The selection and application of small molecule-binding aptamers come with a unique set of challenges that have hampered their research and commercialization. Nevertheless, efforts to expand the suite of aptamers for pertinent small molecules need to continue. A major bottleneck in small molecule aptamer development and application occurs at the point of K determination. Approaches for binding affinity measurement that are more generally applicable to small molecule targets are required. Additionally, there is a negative perception that there are published aptamers that have little affinity to their targets [91]. Because of these issues associated with K measurements for small molecules, several complementary methods may be required in order to achieve a true sense of the aptamer binding affinity for its target.

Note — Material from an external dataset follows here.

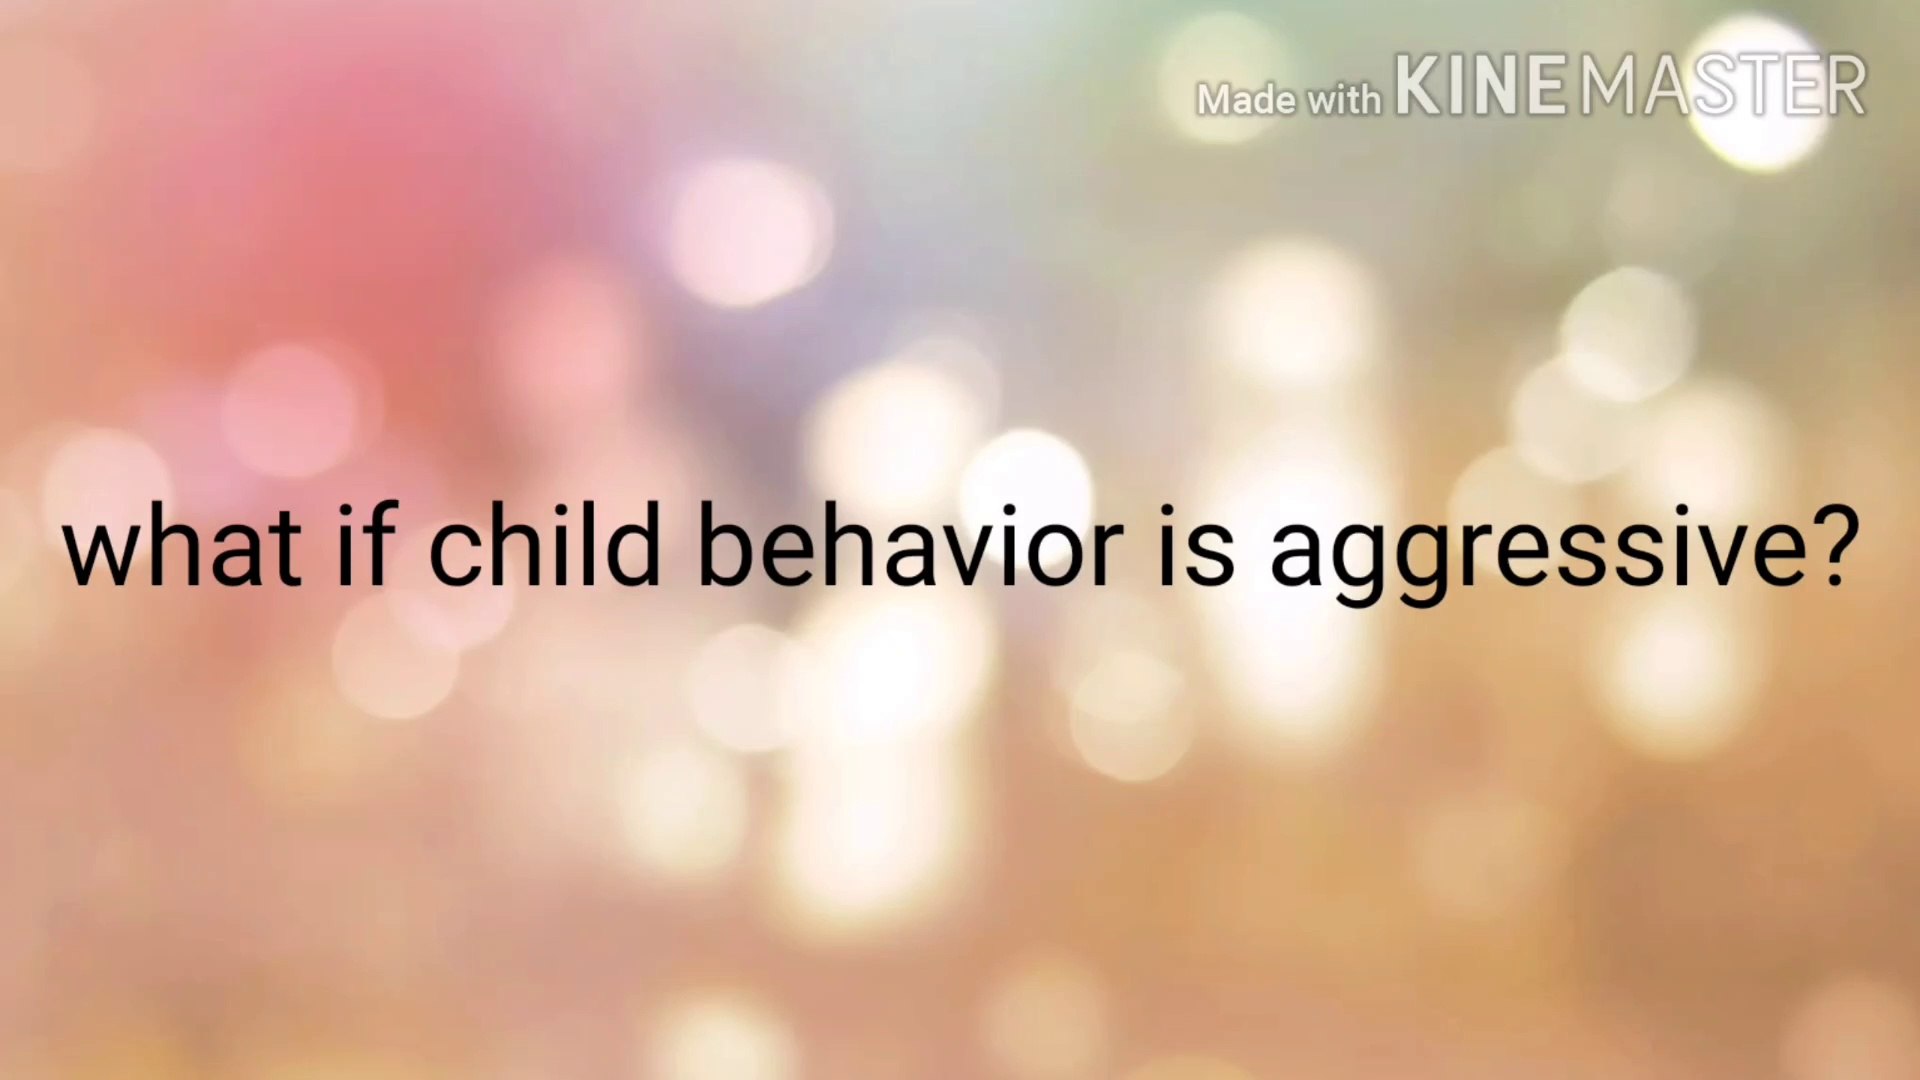 What if child behavior is aggressive?

Ideally, these methods should allow aptamer-target binding to occur free in solution, to remove any contribution from matrix binding. A new aptamer database is available (http://aptamerbase.semanticscience.org/) containing valuable information about the experimental conditions under which the aptamers were selected and their binding affinity quantified [41]. Efforts to mine this data to better tailor SELEX and binding affinity experiments for small molecules is currently underway. Aptamer-based assays also need to begin to move away from the proof-of-concept targets and exploit the largely untapped resource of existing small molecule-binding aptamers. Signs of this shift to more relevant aptamer-based assays can be seen with the large number of biosensors developed using the ochratoxin A (OTA) aptamer. This small molecule mycotoxin contaminates a wide variety of food commodities such as cereals and wine. Several recent reports have used OTA-binding sequences [26] to develop affinity clean-up columns [92, 93] and biosensors [94-98] for evaluation under actual food testing conditions. Applications of small molecule-binding aptamers in other burgeoning areas, such as metabolomics, drug discovery, and synthetic biology, could also soon see dramatic growth. Continued effort in the development of aptamers for important small molecules is required in order for this field to realize its full potential.